Plaintiff's attempt to utilize Fed. R. Civ. P. 10(c) under these circumstances is misguided. Fed. R. Civ. P. 10(c) provides that “[a] statement in a pleading may be adopted by reference elsewhere in the same pleading or in any other pleading or motion.” But “[n]o authority extends Rule 10(c) to incorporation of a party's prior motion into a later motion, or the incorporation of another party's motion into one's own motion.” Wilson v. Pauling, 457 F.Supp.3d 965, 978 n.2 (D. Colo. 2020) (collecting cases). Absent any articulated factual and legal bases in support of his position that the subject subpoenas should be quashed, Plaintiff's motions to quash the subpoenas issued to JP Morgan Chase Bank, N.A., Miller Solutions Property Management, LLC, and Virgil J. Freelen, RTPR [Doc. Nos. 123-125], must be denied. See Threet v. Barnhart, 353 F.3d 1185, 1190 (10th Cir. 2003) (declining to speculate on the claimant's behalf when argument on an issue is “insufficiently developed”).
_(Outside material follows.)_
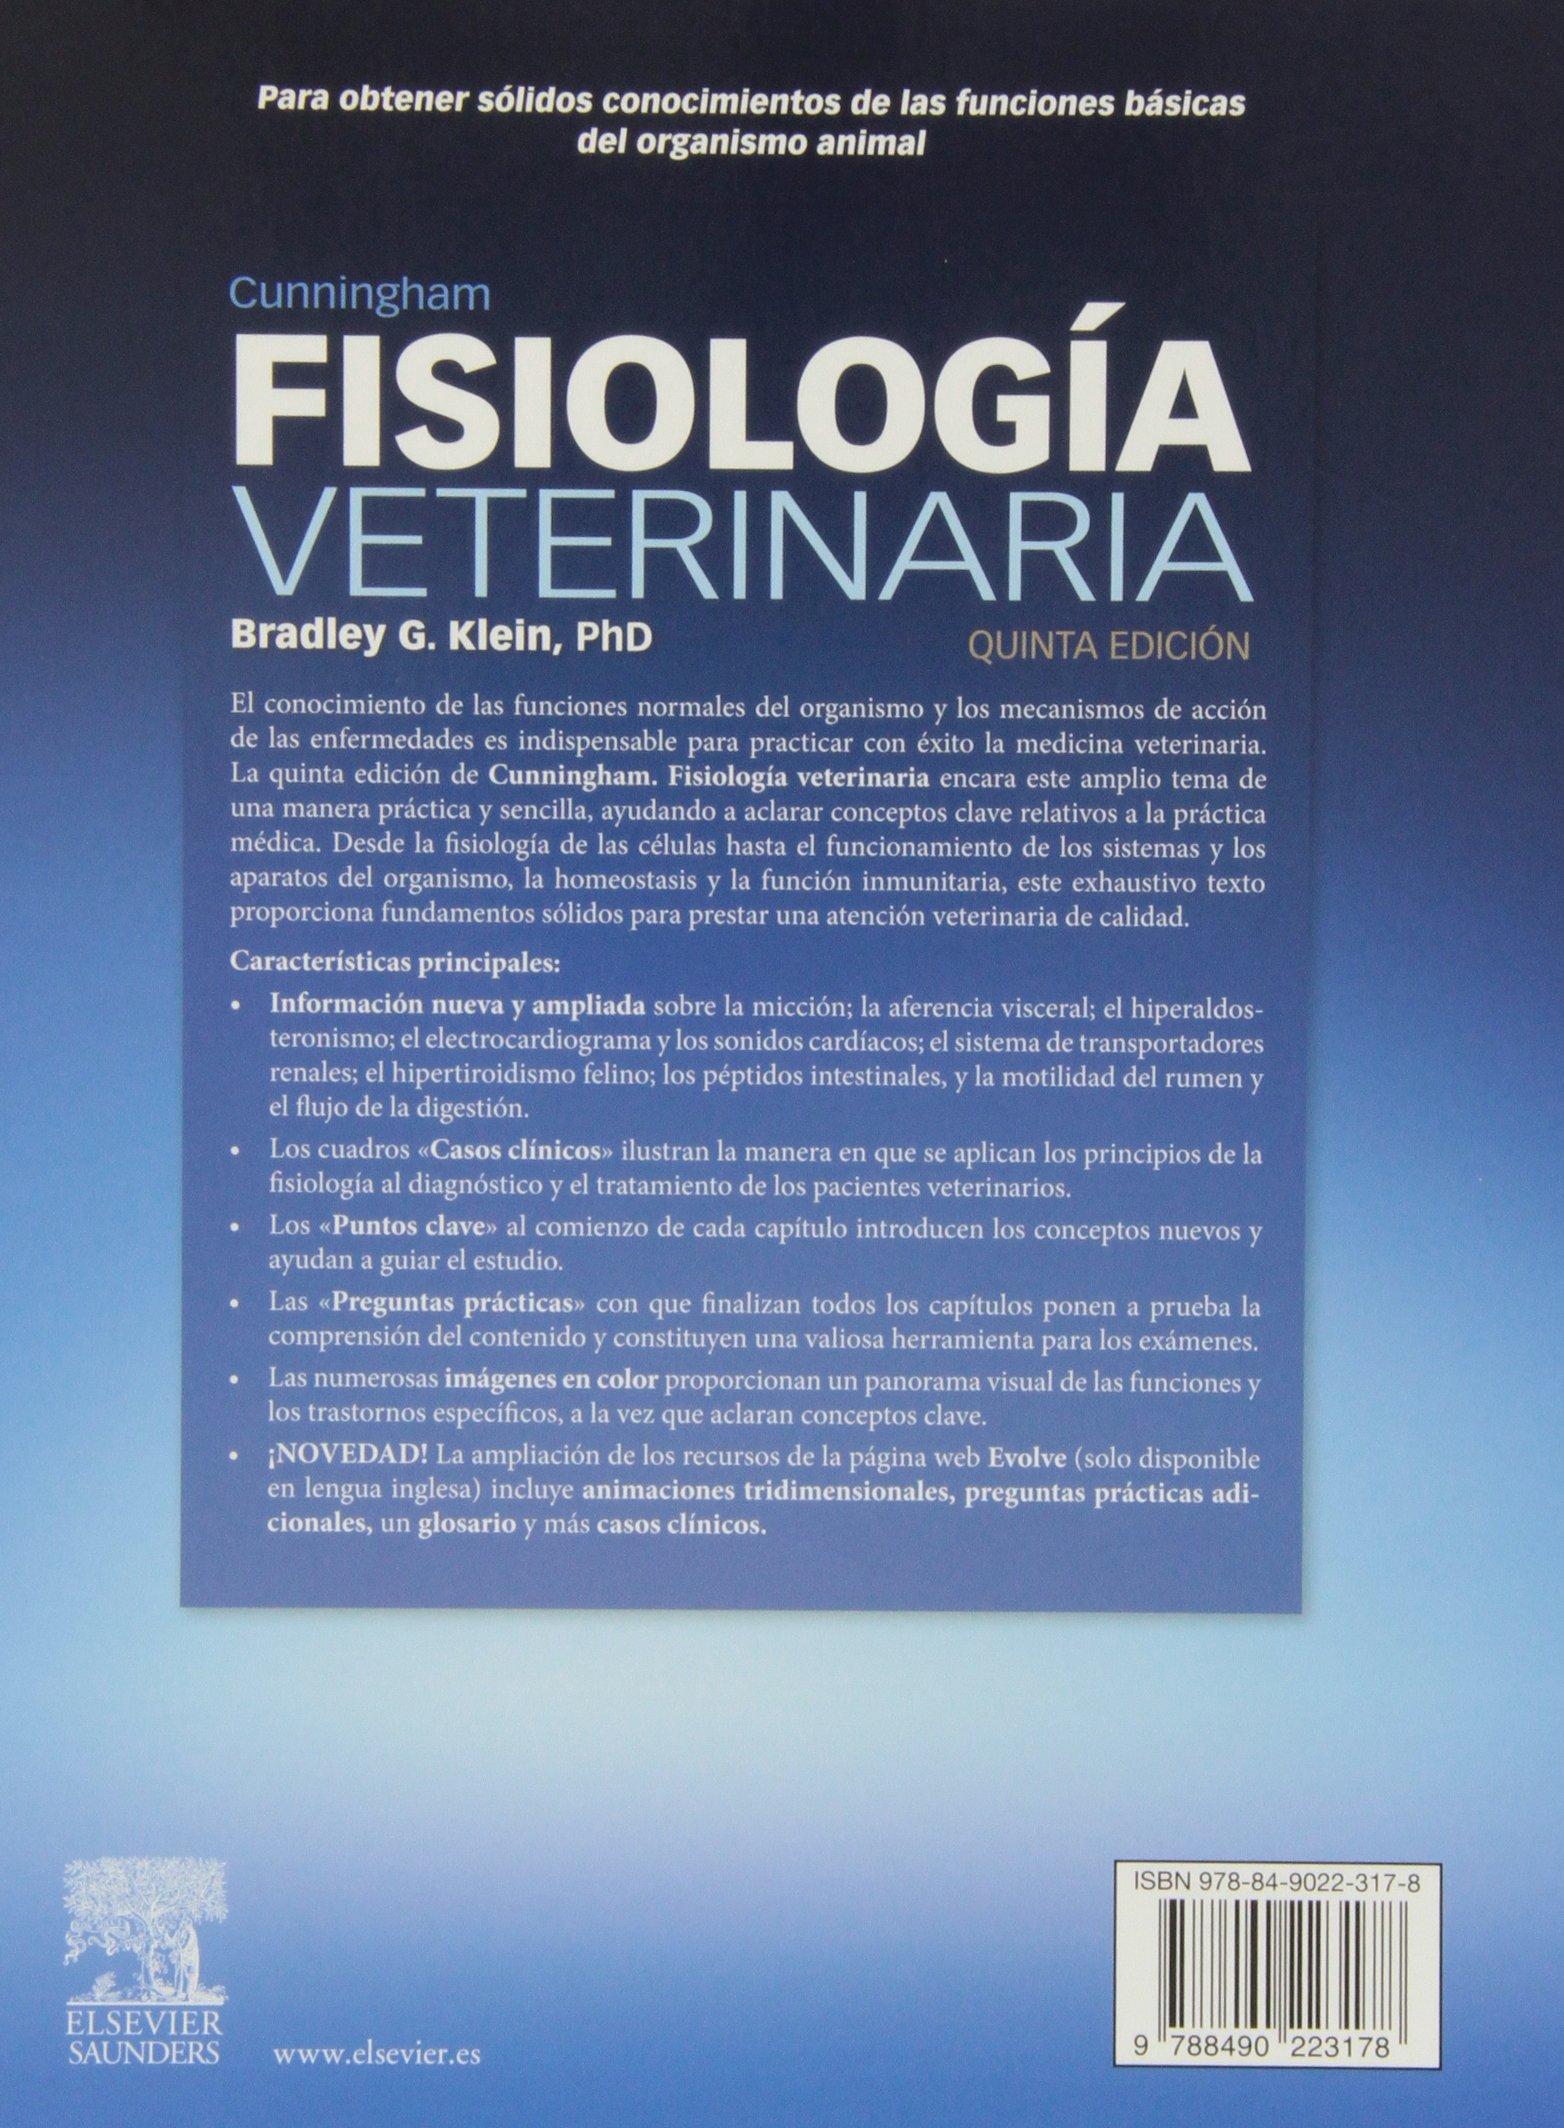 Cunningham Fisiología Veterinaria 5ª Ed Spanish Edition 9788490223178 Klein G B Books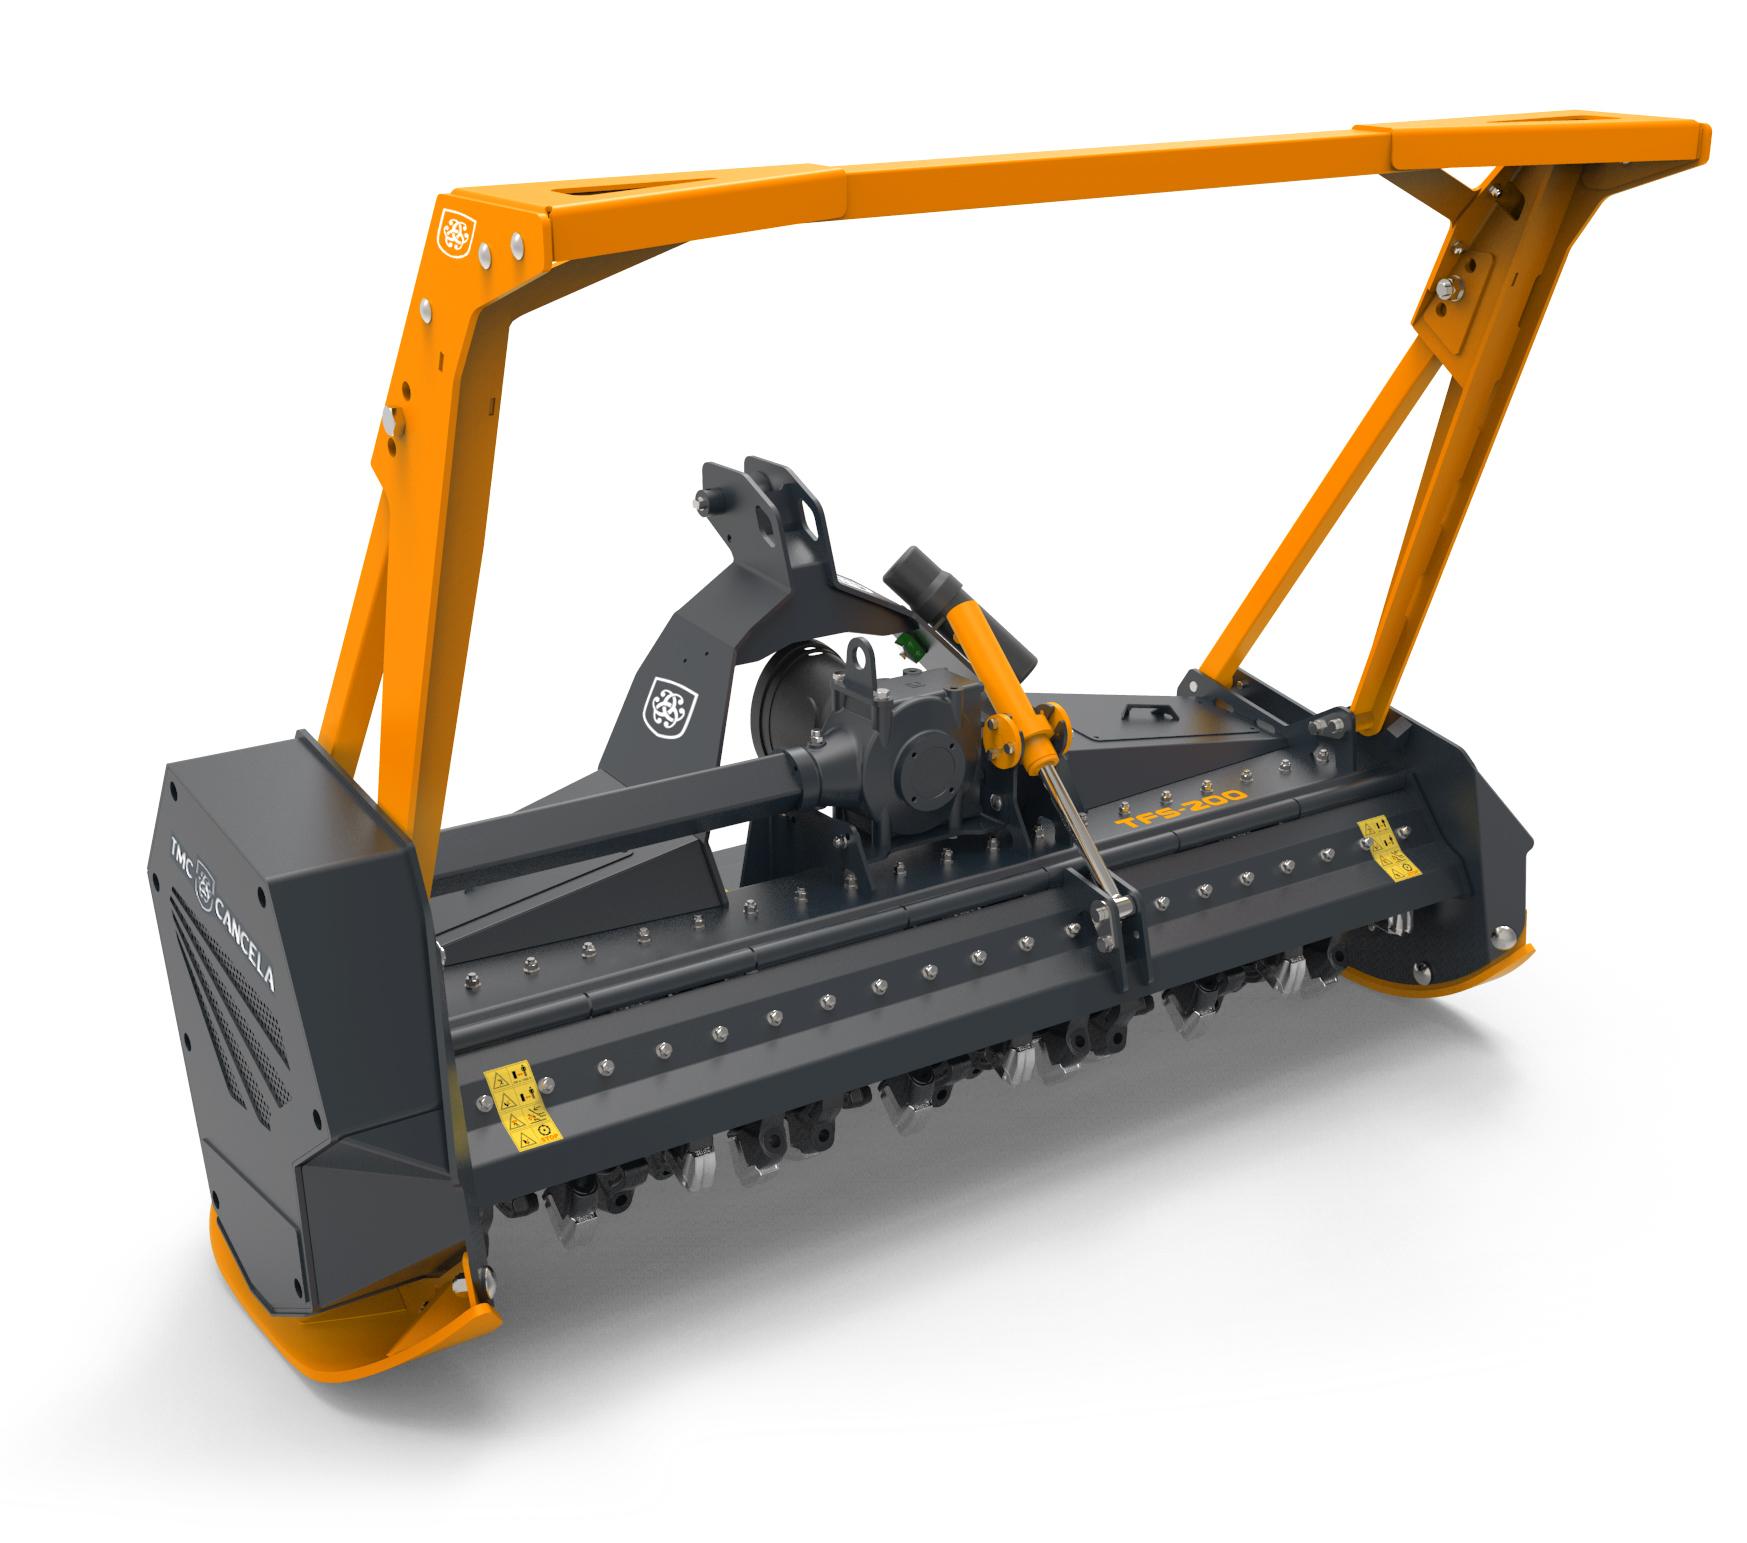 TFS 2 Trinciatrice Trincia Trituradora Triturador Forestal Foresta Forestale

IT IS THEREFORE ORDERED that Plaintiff's motions to quash [Doc. Nos. 111, 122-125] are DENIED for the reasons set forth herein.
IT IS SO ORDERED this 10th day of April, 2023.
Footnotes
Where, as here, a party is proceeding pro se, the Court is to liberally construe his filings. Casanova v. Ulibarri, 595 F.3d 1120, 1125 (10th Cir. 2010). “But the court [is] not [to] ‘assume the role of advocate for the pro se litigant.’ ” Baker v. Holt, 498 F. App'x 770, 772 (10th Cir. 2012) (unpublished) (quoting Hall v. Bellmon, 935 F.2d 1106, 1110 (10th Cir. 1991)). Although Plaintiff appears pro se, he must “follow the same rules of procedure that govern other litigants.” Garrett v. Selby Connor Maddux & Janer, 425 F.3d 836, 840 (10th Cir. 2005).
Although Gulf Oil Co. dealt with a showing of good cause for a protective order under Rule 26(c), the Court discerns no meaningful distinction between this standard and a party's heavy burden in seeking to quash a subpoena issued under Rule 45.
Plaintiff also argues that the subpoenas subject Arvest Bank and Farmers Bank to an undue burden, but he lacks standing to object on this basis. See Howard v. Segway, Inc., No. 11-CIV-688-GKF-PJC, 2012 WL 2923230, at *2 (N.D. Okla. July 18, 2012) (“Even where a party has standing to quash a subpoena based on privilege or a personal right, it still lacks standing to object on the basis of undue burden.”); Pub. Serv. Co. of Okla. v. A Plus, Inc., No. CIV-10-651-D, 2011 WL 691204, at *5 (W.D. Okla. Feb. 16, 2011) (a party that has standing to challenge a subpoena directed to a third party on privacy grounds “may not challenge that subpoena on the grounds that the information imposes an undue burden on the subpoenaed party”).
To the extent Plaintiff seeks a protective order, he must demonstrate “that disclosure of the information will result in a clearly defined and very serious injury.” Zapata v. IBP, Inc., 160 F.R.D. 625, 627 (D. Kan. 1995) (internal quotation omitted). For the reasons discussed above, the Court finds that Plaintiff has failed to demonstrate “good cause” on the present record, and thus denies without prejudice a request for a protective order restricting further disclosure of Plaintiff's financial documents.